On estimating probability of presence from use–availability or presence–background data.

Phillips, S. J. and Elith, J. (2013), On estimating probability of presence from use–availability or presence–background data. Ecology, 94: 1409–1419. doi:10.1890/12-1520.1

The paper investigates statistical methods (specifically logistic models) that estimates the probability that a species is present at a site conditional on environmental covariates and further addresses the disagreement in the literature on whether probability of presence is identifiable from presence-background data alone. The probability of presence is identifiable if one makes strong assumptions about the structure of the species probability of presence, however some view the assumptions unrealistic and the risk of deviating from strong assumptions can result in poorly calibrated models. An experiment (outlined below) also demonstrates that an estimate of prevalence is necessary for identifying the probability of presence. It is suggested that presence-background data must be augmented with an additional datum to reliably estimate absolute probability of presence. Methods: Seven simulated species whose probability of presence is defined by the seven functions: constant, linear, quadratic, Gaussian, Semi-Logistic, Logistic 1 and Logistic 2 (whose probabilities were bounded by 0 and 1) – which represent a variety of shapes of the response of a species to its environment – were used, in addition to randomly drawn data with 1000 presence samples and 10000 background samples chosen uniformly (0 to 1).

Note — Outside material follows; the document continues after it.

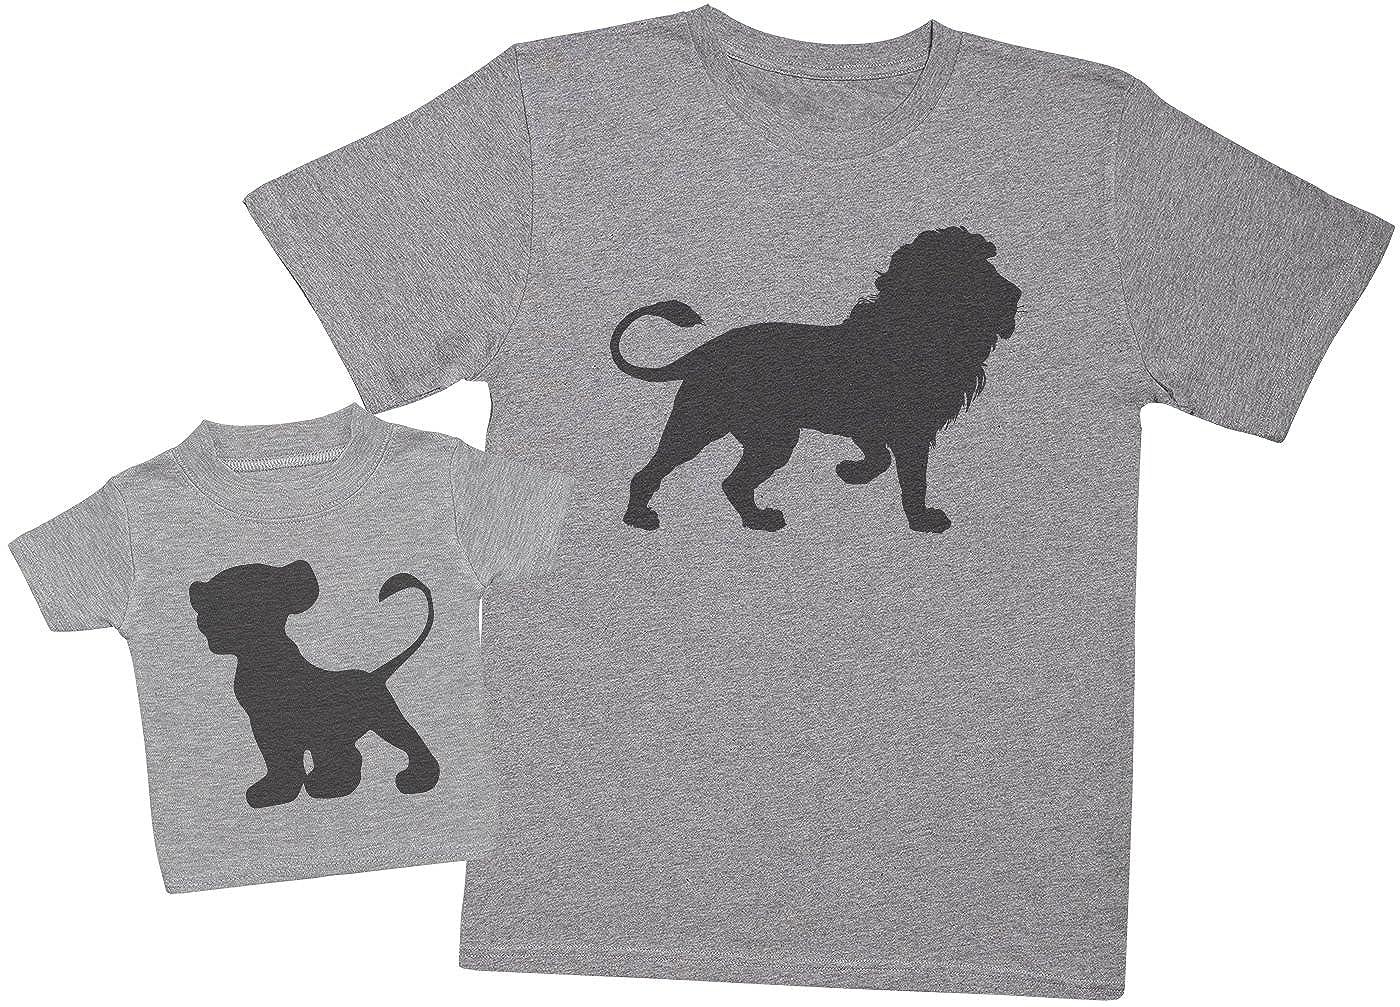 Ensemble P/ère B/éb/é Cadeau Hommes T-Shirt /& T-Shirt b/éb/é Zarlivia Clothing Lion and Cub

Data was used with 5 maximum-likelihood-based methods (abbreviated as EM, SC, SB, L1 and LK) for deriving logistic models from presence-background data. Method inputs varied by 1) using a strong parametric assumption to make probability of presence identifiable (which the output failed to estimate the species probability because it fails to acknowledge species response to environment as identified in L1 and LK) and 2) requires the user to supply an estimate of the species population prevalence (as in EM, SC, SB, which was ultimately recommended to use). Based on the papers results, there is no alternative to collecting quality field work data (as opposed to making strong assumptions as in (1)) which further points out the importance to address the complexities in species-environment relationships. I thought it was pretty obvious that one cannot make strong assumptions when determining a species presence, although it might be easier for the sake of using models, but when you take an ecologist (or more specifically a wildlife manager) point-of-view determining what information goes into a model is probably more relevant.